• _PROBLEM DETAILS_:
Return, character for character, the lines from the one bearing "Mst chez les prostituées" through the end of the material. Omit everything before that line.

Top of INPUT DATA

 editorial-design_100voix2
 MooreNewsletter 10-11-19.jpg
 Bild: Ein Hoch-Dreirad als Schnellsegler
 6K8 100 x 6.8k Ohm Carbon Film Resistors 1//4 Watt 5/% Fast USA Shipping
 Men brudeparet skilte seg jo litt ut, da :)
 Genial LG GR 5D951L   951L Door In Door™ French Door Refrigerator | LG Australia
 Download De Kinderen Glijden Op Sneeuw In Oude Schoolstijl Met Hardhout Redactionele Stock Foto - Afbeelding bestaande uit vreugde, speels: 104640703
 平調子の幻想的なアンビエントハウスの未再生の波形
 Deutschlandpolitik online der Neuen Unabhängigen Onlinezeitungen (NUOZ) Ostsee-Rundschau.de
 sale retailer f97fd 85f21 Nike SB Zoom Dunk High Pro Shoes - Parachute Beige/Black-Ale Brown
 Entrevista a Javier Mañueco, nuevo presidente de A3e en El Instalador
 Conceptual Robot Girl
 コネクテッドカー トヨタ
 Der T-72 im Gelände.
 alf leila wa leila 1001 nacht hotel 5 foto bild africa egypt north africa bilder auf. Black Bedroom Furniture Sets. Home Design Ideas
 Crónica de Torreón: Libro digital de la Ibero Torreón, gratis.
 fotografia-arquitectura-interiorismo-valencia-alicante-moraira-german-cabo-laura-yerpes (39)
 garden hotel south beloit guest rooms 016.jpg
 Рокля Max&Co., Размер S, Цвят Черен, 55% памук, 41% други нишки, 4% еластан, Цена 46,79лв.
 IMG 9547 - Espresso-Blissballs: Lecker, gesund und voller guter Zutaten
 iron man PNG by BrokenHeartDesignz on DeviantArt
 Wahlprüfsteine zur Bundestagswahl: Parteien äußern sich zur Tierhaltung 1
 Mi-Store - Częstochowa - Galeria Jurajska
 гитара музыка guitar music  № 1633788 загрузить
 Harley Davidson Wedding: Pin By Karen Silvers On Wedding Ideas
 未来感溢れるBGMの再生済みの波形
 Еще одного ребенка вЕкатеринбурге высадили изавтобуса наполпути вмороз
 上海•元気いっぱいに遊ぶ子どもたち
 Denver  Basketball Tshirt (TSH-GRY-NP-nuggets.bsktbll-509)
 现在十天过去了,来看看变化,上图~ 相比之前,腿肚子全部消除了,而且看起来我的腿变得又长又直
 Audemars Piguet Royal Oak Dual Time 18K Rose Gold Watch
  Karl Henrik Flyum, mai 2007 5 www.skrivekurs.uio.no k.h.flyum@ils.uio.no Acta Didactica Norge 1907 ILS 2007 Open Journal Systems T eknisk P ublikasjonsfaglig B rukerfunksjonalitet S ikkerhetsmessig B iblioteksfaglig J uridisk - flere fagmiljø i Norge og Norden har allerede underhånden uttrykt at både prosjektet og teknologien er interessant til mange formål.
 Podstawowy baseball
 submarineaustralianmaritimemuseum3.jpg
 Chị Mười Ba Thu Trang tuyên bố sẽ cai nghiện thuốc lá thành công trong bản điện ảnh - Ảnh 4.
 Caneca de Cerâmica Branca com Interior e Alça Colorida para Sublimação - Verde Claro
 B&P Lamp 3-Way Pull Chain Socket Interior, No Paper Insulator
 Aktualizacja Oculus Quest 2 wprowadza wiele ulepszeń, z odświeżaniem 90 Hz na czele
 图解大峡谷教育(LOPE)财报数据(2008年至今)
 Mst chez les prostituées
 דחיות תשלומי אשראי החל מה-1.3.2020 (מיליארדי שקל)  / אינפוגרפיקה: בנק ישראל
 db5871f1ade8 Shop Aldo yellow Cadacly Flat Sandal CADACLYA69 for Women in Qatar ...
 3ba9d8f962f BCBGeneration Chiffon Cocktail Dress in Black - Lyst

Bottom of INPUT DATA

• _ANSWER FOR THIS EXERCISE_:
 Mst chez les prostituées
 דחיות תשלומי אשראי החל מה-1.3.2020 (מיליארדי שקל)  / אינפוגרפיקה: בנק ישראל
 db5871f1ade8 Shop Aldo yellow Cadacly Flat Sandal CADACLYA69 for Women in Qatar ...
 3ba9d8f962f BCBGeneration Chiffon Cocktail Dress in Black - Lyst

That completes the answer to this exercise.